У нас была договоренность: чужие люди, любовники, любовницы и тому подобные персоны в нашем доме появляться не должны, никогда. Но сейчас мы оба понимали: время для ссор было неподходящим.
Сознаюсь, что с трудом сдержался, чтобы не съязвить по поводу пижамы, которая принадлежала Амалии и долговязой Ольге была до потешности коротка.
– Никакая она тебе не баба. Сейчас мы уйдем.
Амалия стала расспрашивать меня о поисках Никиты, словно вдруг вспомнила, что сына нет дома. Можно было бы ожидать и не такого спокойного тона от напуганной мамаши, поэтому я заявил, что не желаю обсуждать семейные проблемы при посторонних. На этом наш разговор и свернулся. Вскоре они обе покинули квартиру, взявшись за руки. Закрывая дверь, Амалия сказала, что надо бы обратиться в полицию.
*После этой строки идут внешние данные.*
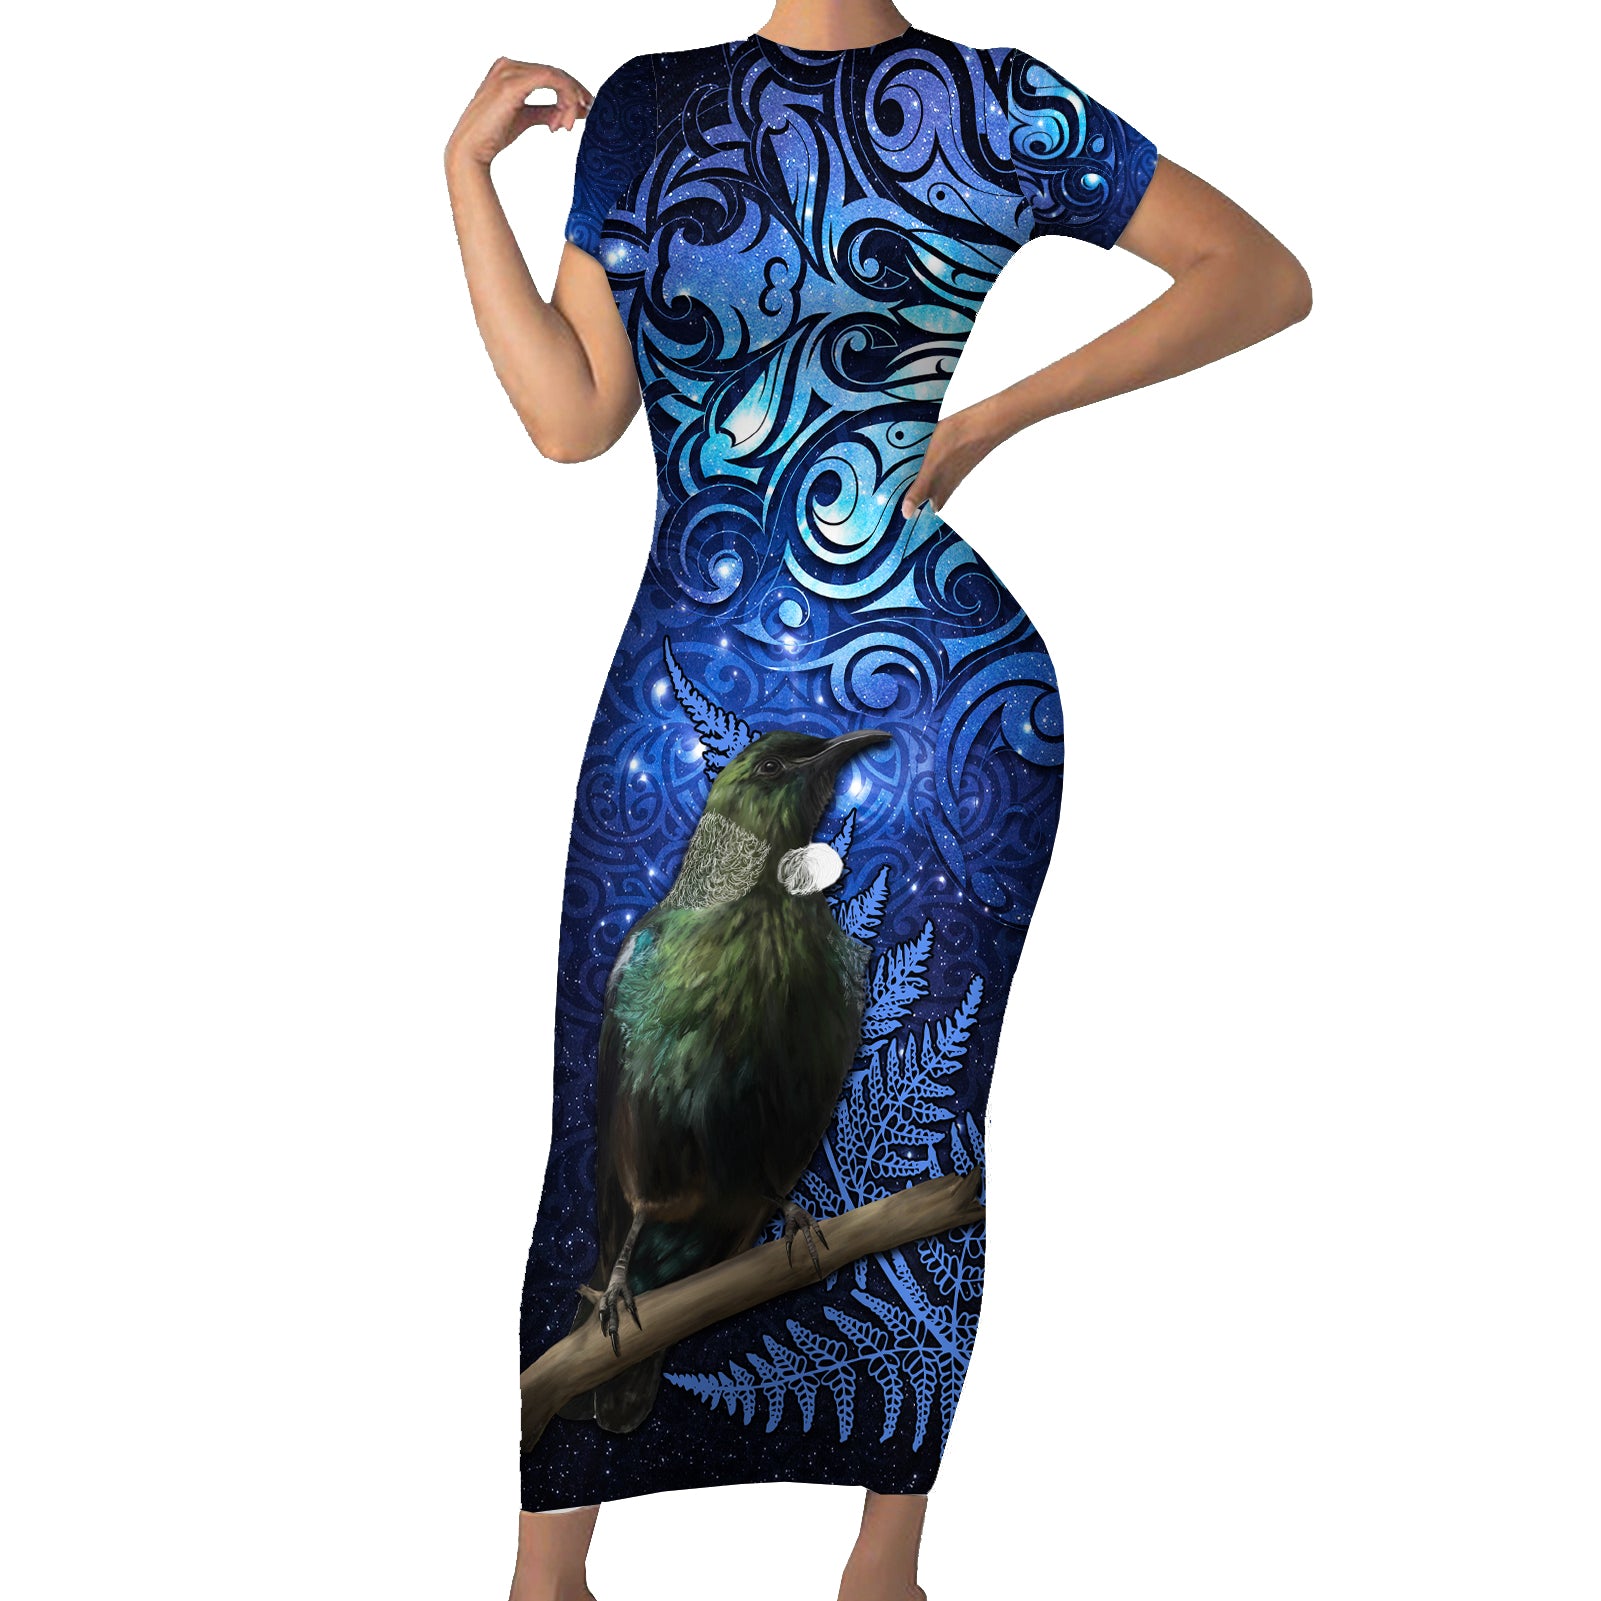 New Zealand Tui Bird Matariki Short Sleeve Bodycon Dress Maori New Year with Galaxy Fern

– Или в морг, – добавил я, но она, кажется, этих слов уже не услышала.
21.
На следующий день нам позвонили из муниципальной полиции и сообщили, куда мы должны явиться за Никитой. А также сказали, что, поскольку речь идет о несовершеннолетнем, уже заведено дело. На меня успокаивающе подействовал свойский тон, каким полицейский постарался смягчить мою первоначальную панику. Он даже позволил себе не слишком остроумную, но доброжелательную шутку, которая тоже помогла мне взять себя в руки. С нашим сыном все более или менее в порядке, если, конечно, в подобной ситуации вообще можно говорить о каком-то порядке. Его случай был, по всей видимости, одним из многих и многих, ежедневно происходивших в городе. А что касается заведенного дела, то тут нам не о чем беспокоиться. Полиция будет выяснять, какое заведение нарушило запрет на продажу спиртного несовершеннолетним.
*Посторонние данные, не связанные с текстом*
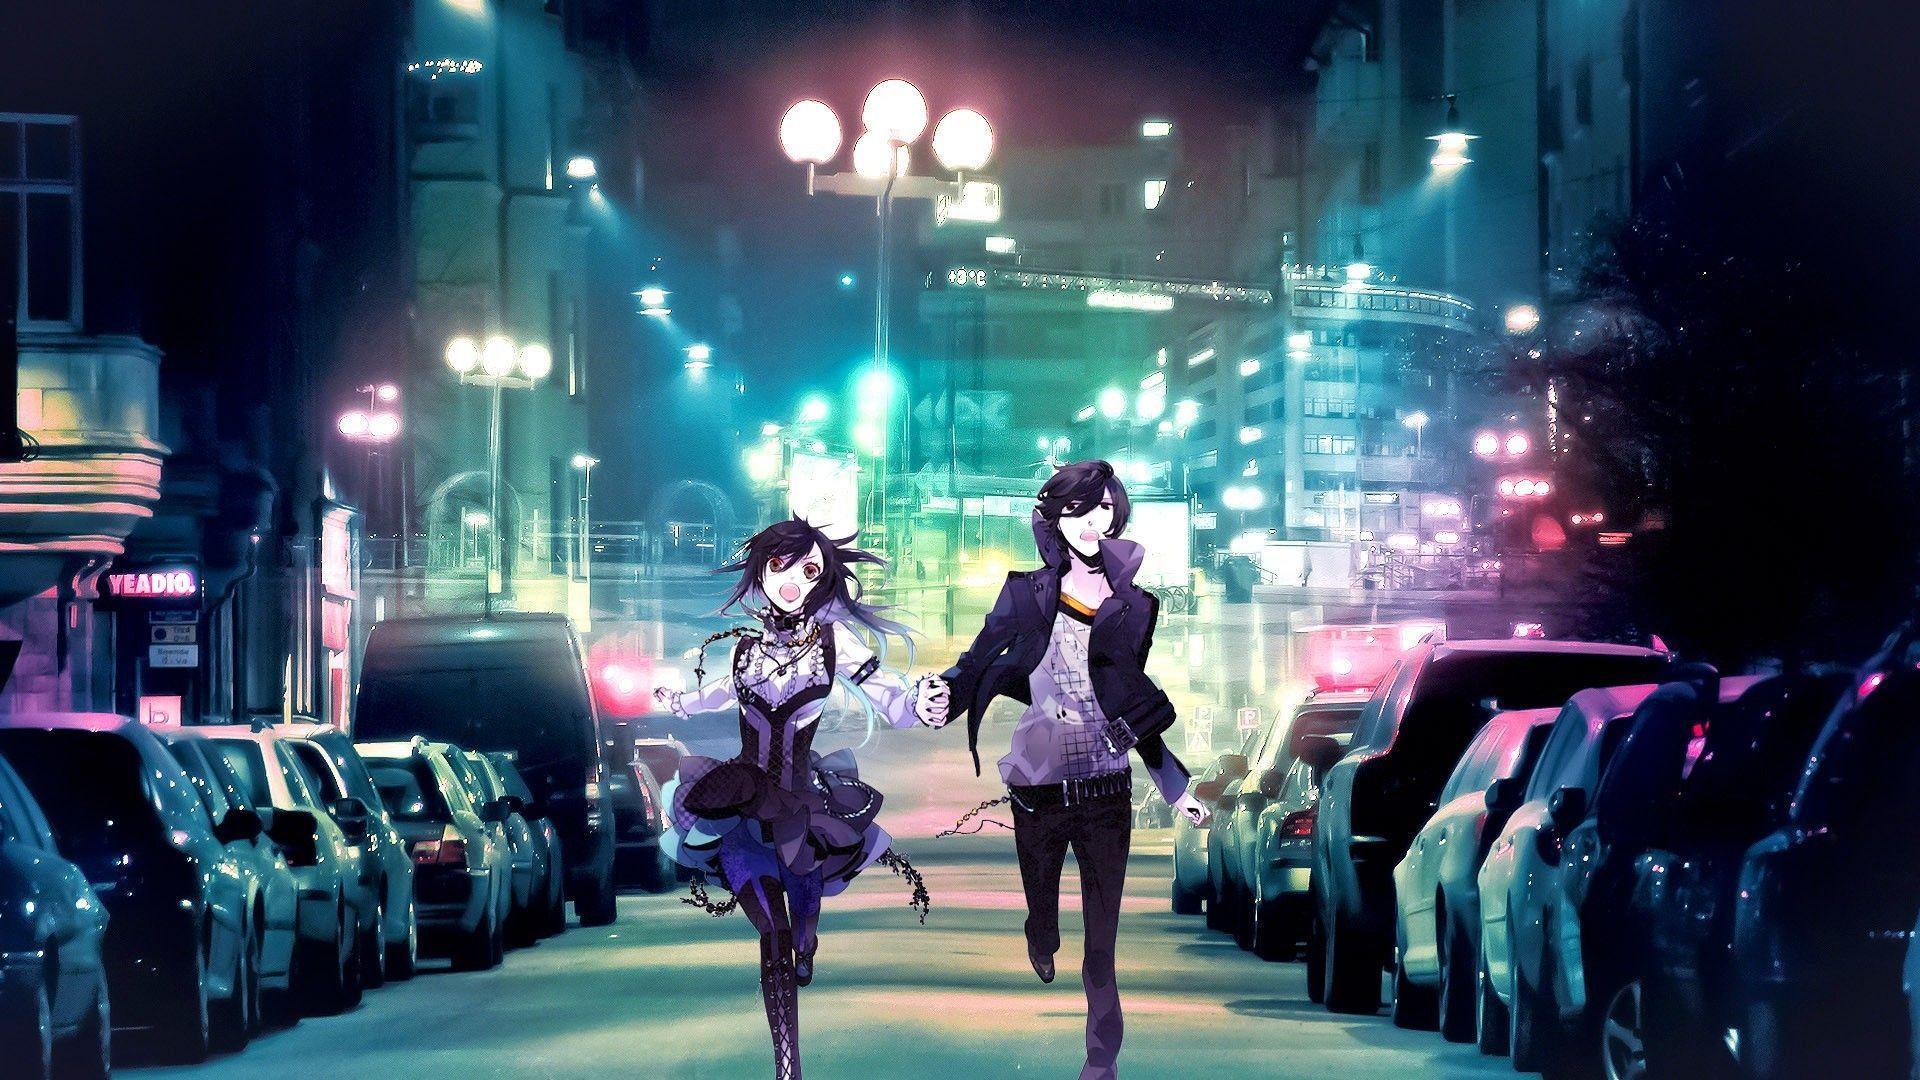 Romantic Anime Wallpaper Free Romantic Anime Background

Мы с Амалией вместе поехали за Никитой в больницу Сан Карлос. Он стал жертвой алкогольного отравления, и накануне вечером его доставила туда скорая. Как нам объяснили, в больницу он поступил в половине девятого вечера вдрызг пьяный, но в сознании, так что достаточно было применить к нему самые обычные меры. Витамины, глюкозу, сорбенты. Увидев сына, Амалия дала волю чувствам: обняла его и расцеловала, словно поздравляя с получением премии. Я же попытался проявить отцовскую строгость – хотя в нынешние времена это выходит из употребления и подвергается критике.
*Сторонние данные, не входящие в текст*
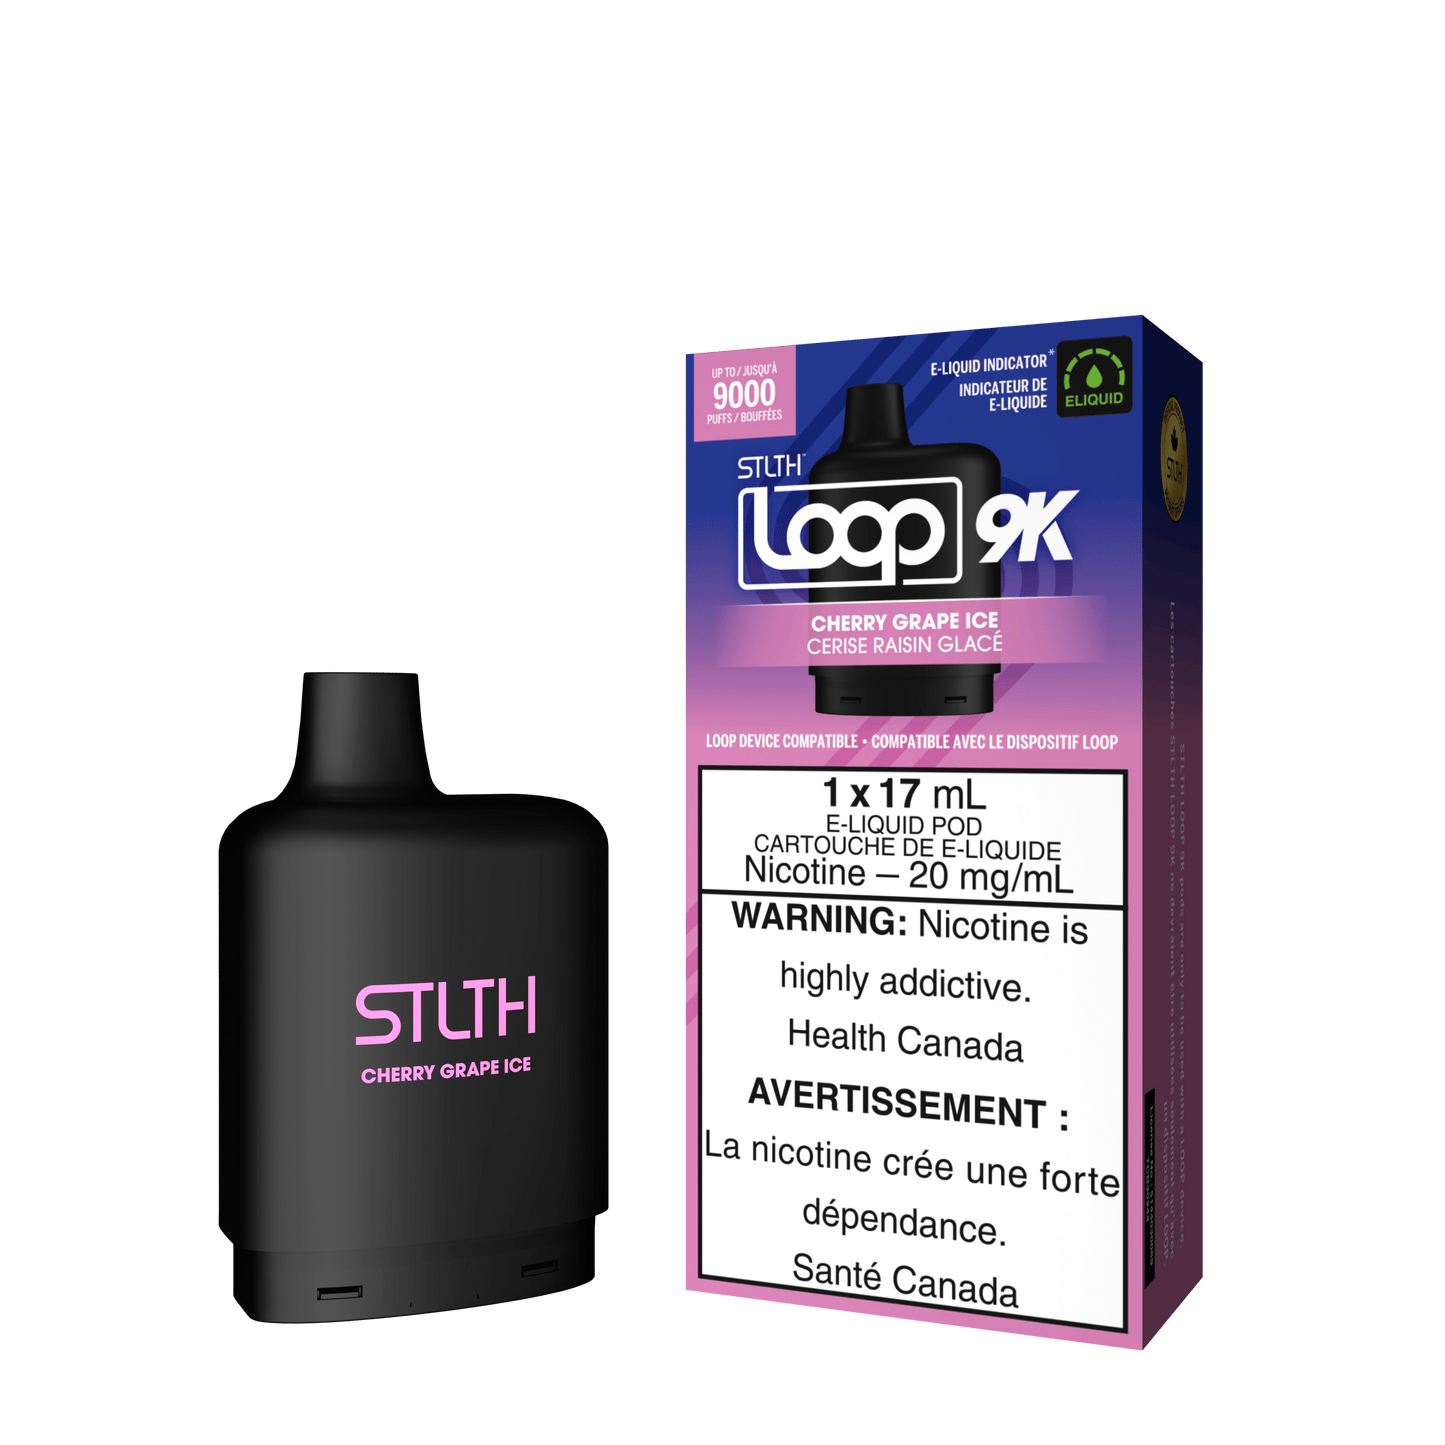 STLTH Loop 9K - Cherry Grape Ice

– Нам с тобой надо поговорить.
– Только не сейчас, пап.
Он распространял вокруг сильный и не самый приятный запах. И я в очередной раз смирился с мыслью, что мне придется взять на себя роль киношного злодея.
В машине по дороге домой нам с Амалией пришлось успокаивать Никиту. Он в первую очередь хотел знать, не отправят ли его полицейские в исправительное заведение. А еще боялся, что мы его накажем – запретим играть на приставке.
– Да погоди ты, сначала нам надо поговорить.
Но тут вмешала Амалия:
– Это мы уже слышали.
А Никита повторил с заднего сиденья дрожащим и жалобным голосом: пожалуйста, давай отложим разговор до другого дня.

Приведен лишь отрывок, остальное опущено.